Exercise 1
Consider the linear system of equations \(A\mathbf{x}=\mathbf{b}\), with
\[\begin{split}
A = \begin{bmatrix}
2 & -1 & 1 \\
1 & a & 2 \\
-1 & -1 & 3
\end{bmatrix},
\quad \mathbf{b} = \begin{bmatrix}
2 \\
0 \\
0
\end{bmatrix}
\end{split}\]
a) Determine all values of \(a\) for which the Jacobi method is guaranteed to converge.
Solution:
The Jacobi method leads to the following iteration:
\[
\mathbf{x}^{k+1} = M\mathbf{x}^k + \mathbf{c}, \quad k = 0,1,\ldots,
\]
where
\[\begin{split}
M = - \begin{bmatrix}
0 & \displaystyle -\frac{1}{2} & \displaystyle \frac{1}{2} \\
\displaystyle \frac{1}{a} & 0 & \displaystyle \frac{2}{a} \\
\displaystyle -\frac{1}{3} & \displaystyle -\frac{1}{3} & 0
\end{bmatrix}.
\end{split}\]
The 1-norm of \(M\) is
\[\begin{split}
\begin{aligned}
\lVert M \rVert_1 &= \max \limits_j \sum \limits_{i=1}^3 \lvert M_{ij} \rvert \\
&= \max \left( \frac{1}{|a|} + \frac{1}{3}, \; \frac{1}{2} + \frac{1}{3},\; \frac{1}{2} + \frac{2}{|a|} \right).
\end{aligned}
\end{split}\]
The iteration is guaranteed to converge if \(\lVert M \rVert_1 <1\), which is equivalent to \(|a|>4\).
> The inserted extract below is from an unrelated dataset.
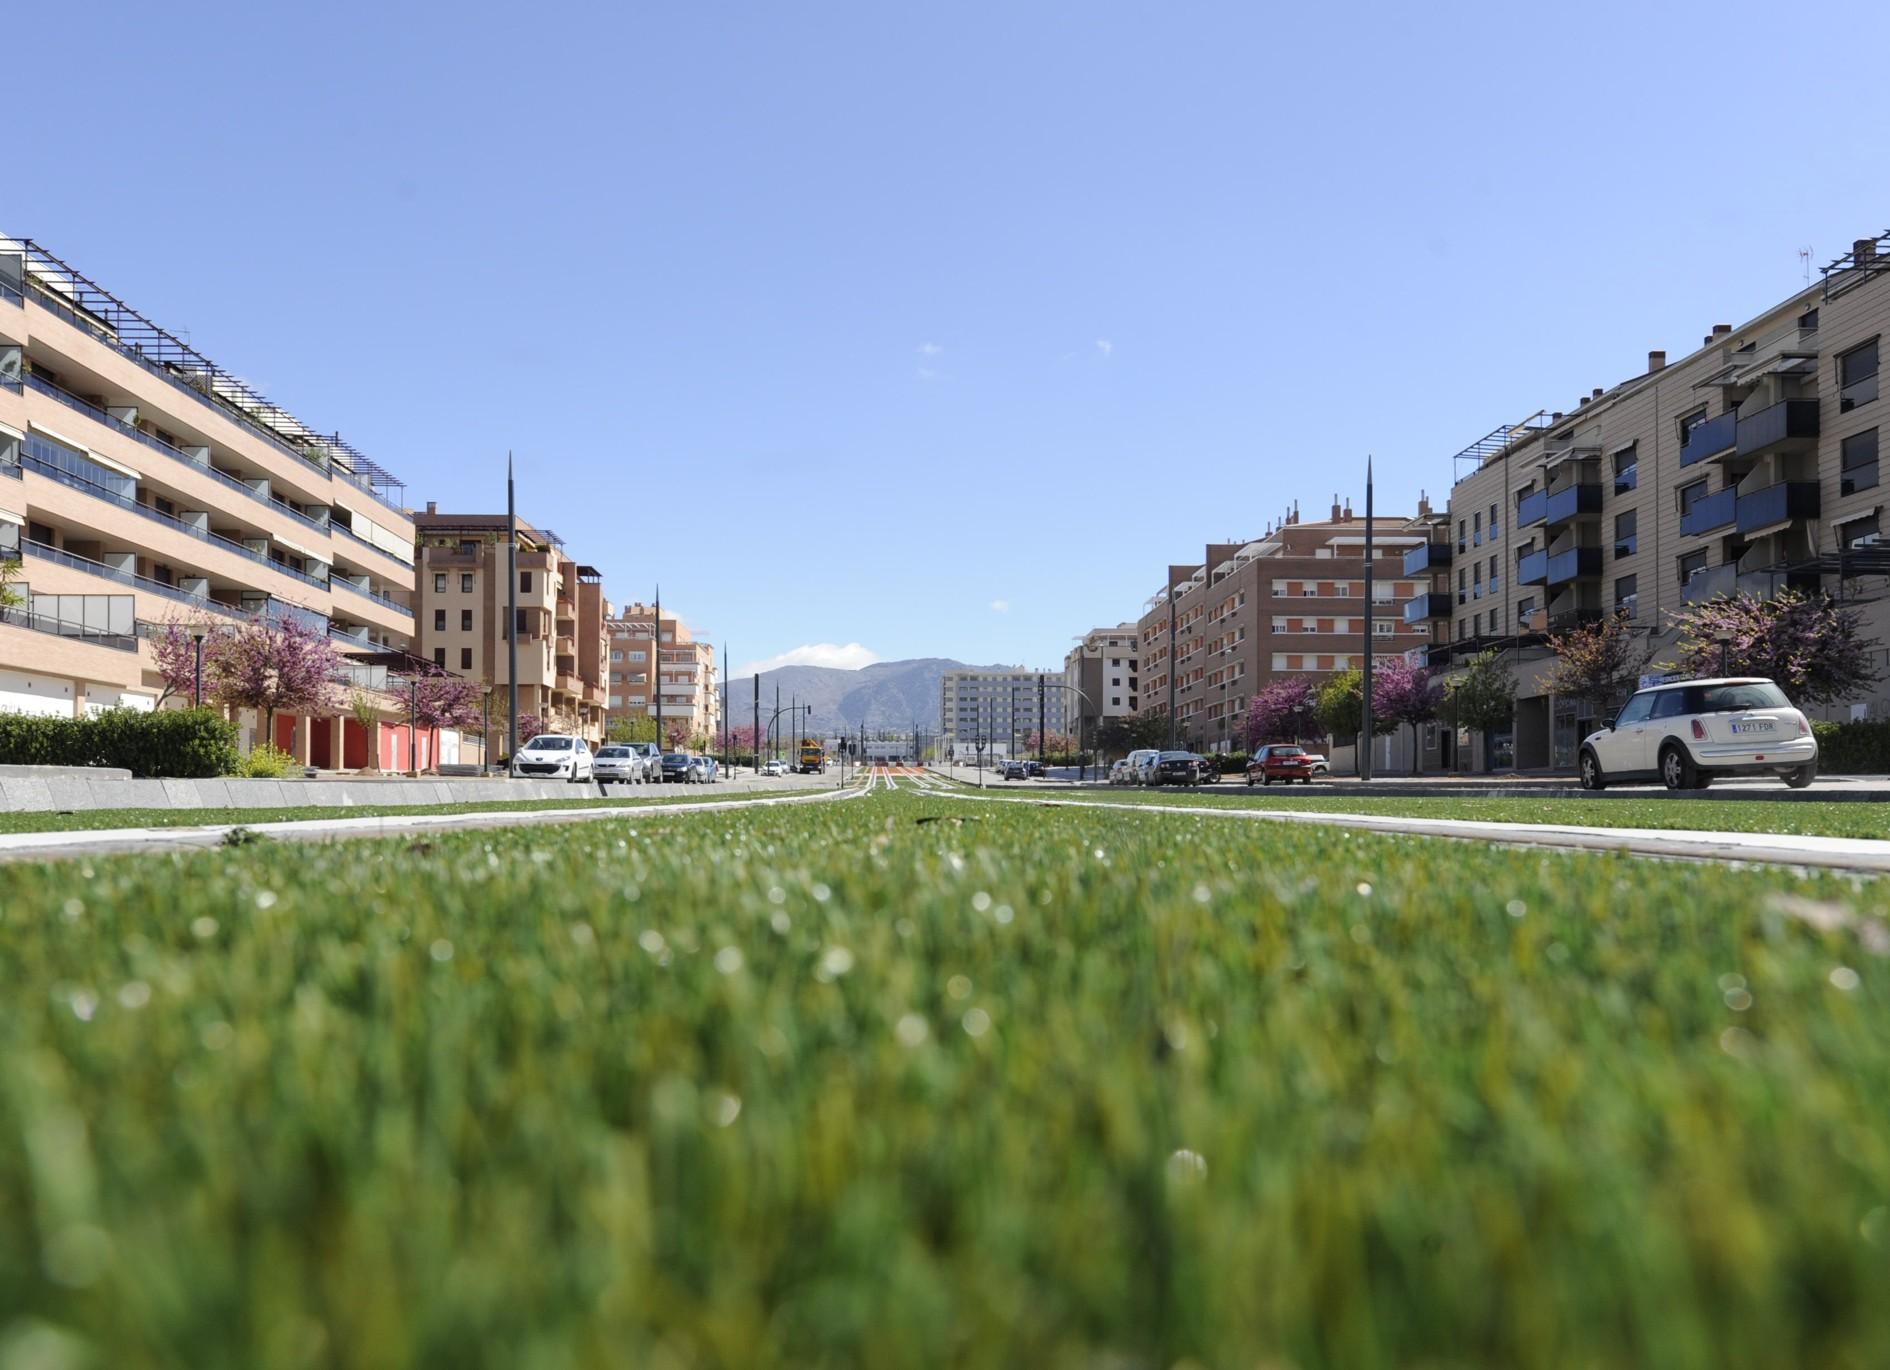 El Metro de Granada acomete una reurbanización integral, de fachada a fachada, mejorando el aspecto urbano del viario público por el que discurre su trazado.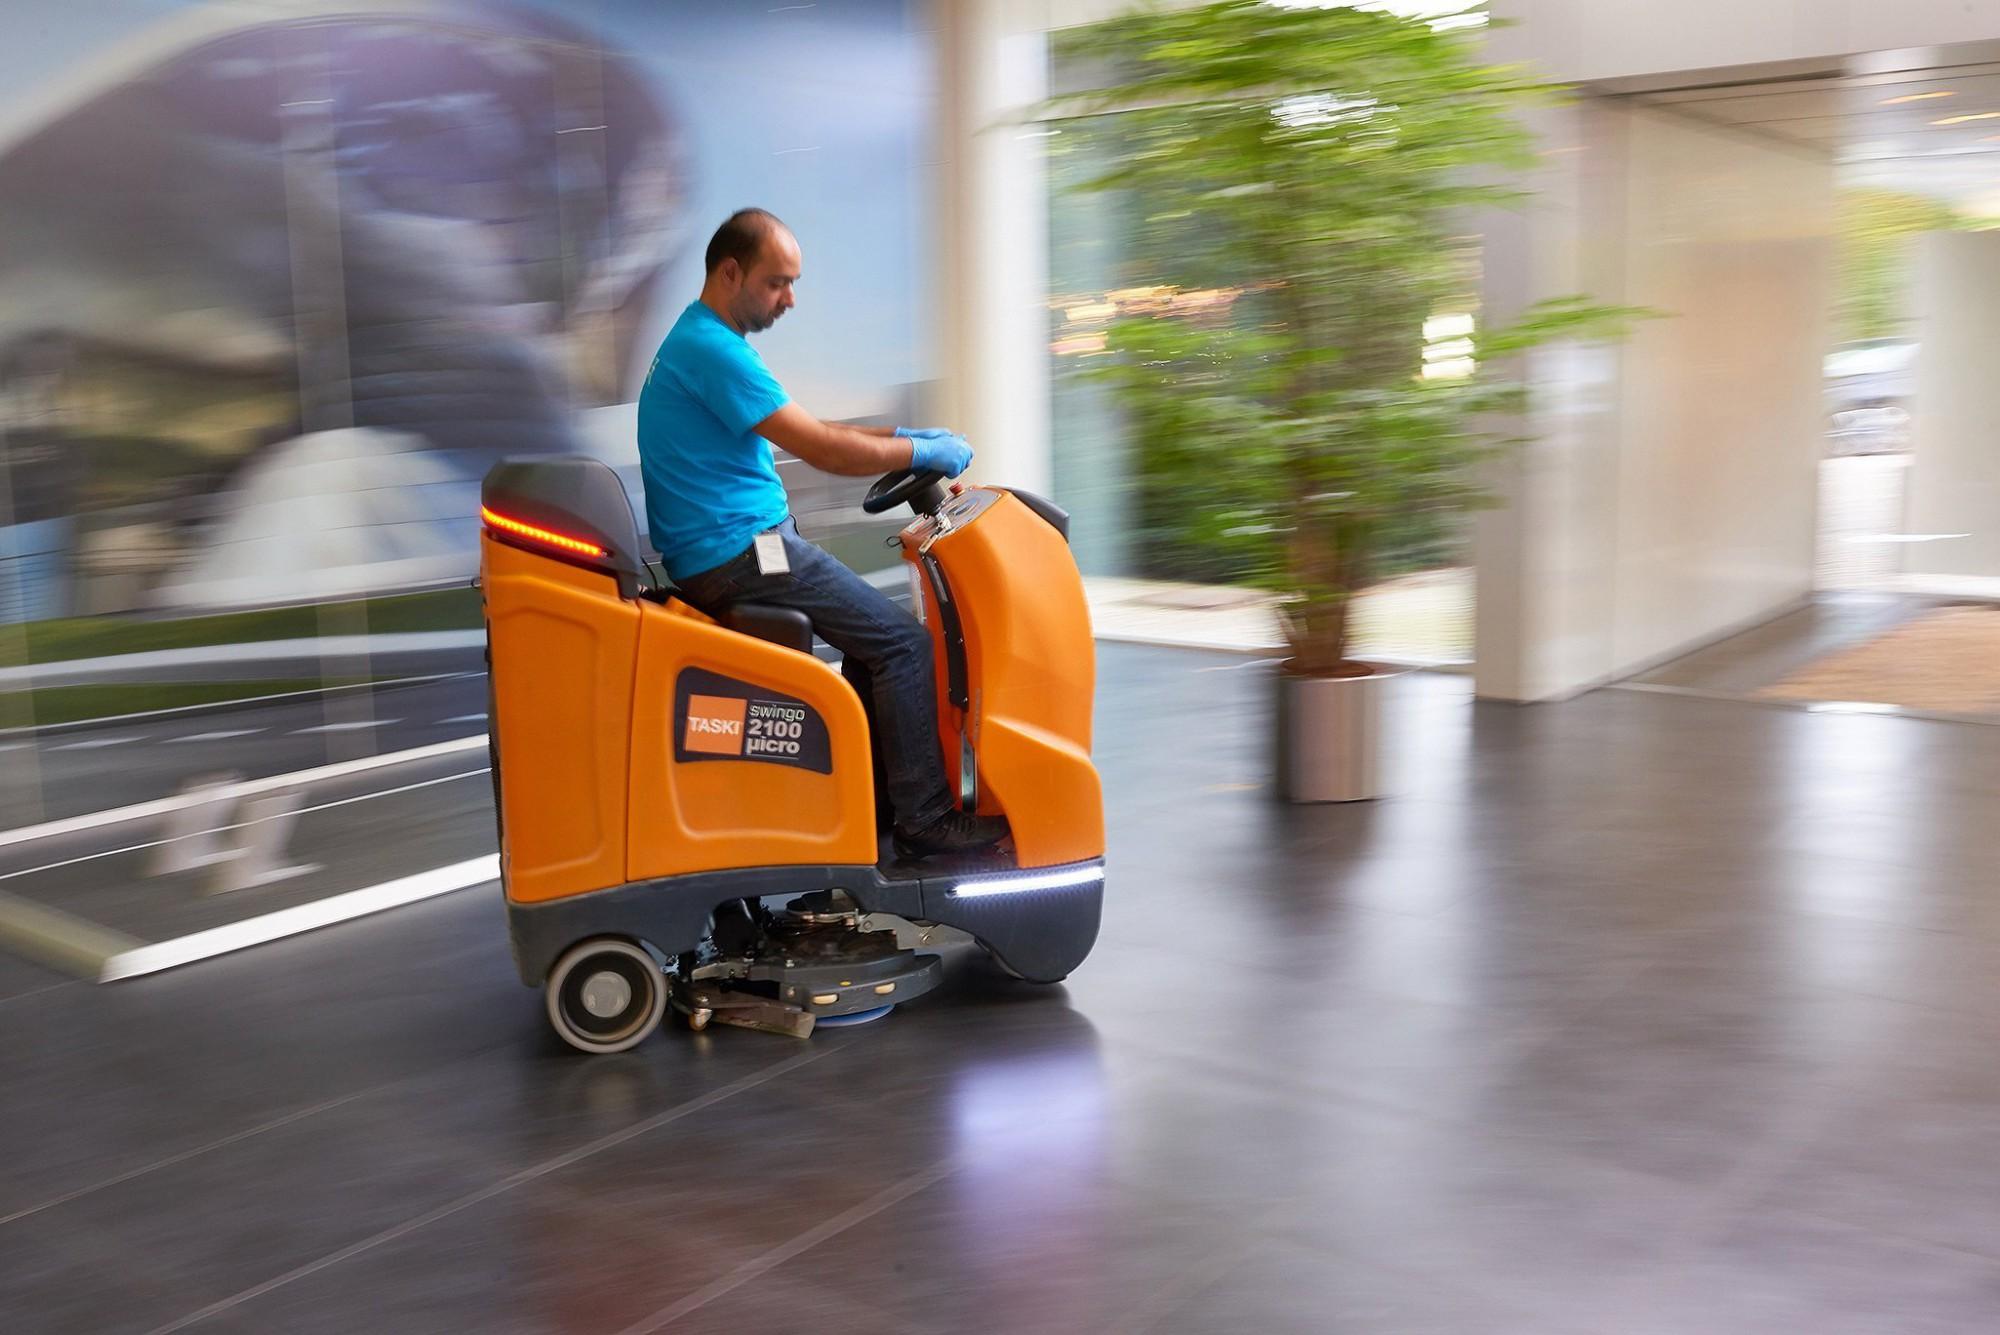 Afbeelding: Bedrijfsfotografie voor Group-F, poetsen van een kantoorgebouw met een kuismachine.

b) Let \(a=3\) and \(\mathbf{x}^0 = (0,0,0)^T\). Compute \(\mathbf{x}^2\) without explicitly computing \(\mathbf{x}^1\).
Solution:
We have
\[
\mathbf{x}^2 = M\mathbf{x}^1 + \mathbf{c} = M\left( M\mathbf{x}^0 + \mathbf{c} \right) + \mathbf{c} = M^2 \mathbf{x}^0 + M\mathbf{c} + \mathbf{c}.
\]
With the initial guess \(\mathbf{x}^0 = \mathbf{0}\), we obtain
\[\begin{split}
\mathbf{x}^2 = M\mathbf{c} + \mathbf{c} = -
\begin{bmatrix}
0 & -\frac{1}{2} & \frac{1}{2} \\
\frac{1}{3} & 0 & \frac{2}{3} \\
-\frac{1}{3} & -\frac{1}{3} & 0
\end{bmatrix}
\begin{bmatrix}
1 \\
0 \\
0
\end{bmatrix} +
\begin{bmatrix}
1 \\
0 \\
0
\end{bmatrix} =
\begin{bmatrix}
1 \\
-\frac{1}{3} \\
\frac{1}{3}
\end{bmatrix}
\end{split}\]
c) Consider the following iterative method: Given \(\mathbf{x}^0\), set
\[
\mathbf{x}^{k+1} = M\mathbf{x}^k + \mathbf{c}, \quad k=0,1,\ldots,
\]
where
\[
M = I -\frac{1}{3}A, \quad \mathbf{c} = \frac{1}{3}\mathbf{b}.
\]
If \(a=1\), will the method converge?
Solution:
We have
\[\begin{split}
\begin{aligned}
M = I - \frac{1}{3}A &= \frac{1}{3}\begin{bmatrix}
3-2 & 1 & -1 \\
-1 & 3-1 & -2 \\
1 & 1 & 3-3
\end{bmatrix}\\
&=
\frac{1}{3}\begin{bmatrix}
1 & 1 & -1 \\
-1 & 2 & -2 \\
1 & 1 & 0
\end{bmatrix}.
\end{aligned}
\end{split}\]
The 1-norm and \(\infty\)-norm of \(M\) are
\[
\lVert M \rVert_1 = \max \limits_j \sum \limits_{i=1}^3 \lvert M_{ij} \rvert = \frac{4}{3}.
\]
\[
\lVert M \rVert_\infty = \max \limits_i \sum \limits_{j=1}^3 \lvert M_{ij} \rvert = \frac{5}{3}.
\]
Both norms are greater than 1, so the iteration might not converge. To know for sure, we need to compute the spectral radius of \(M\). In this case it is easy to compute the eigenvalues, since \(M\) is only 3-by-3. We find that
\[
\rho(M) \approx 0.7013
\]
which shows that the iteration will actually converge!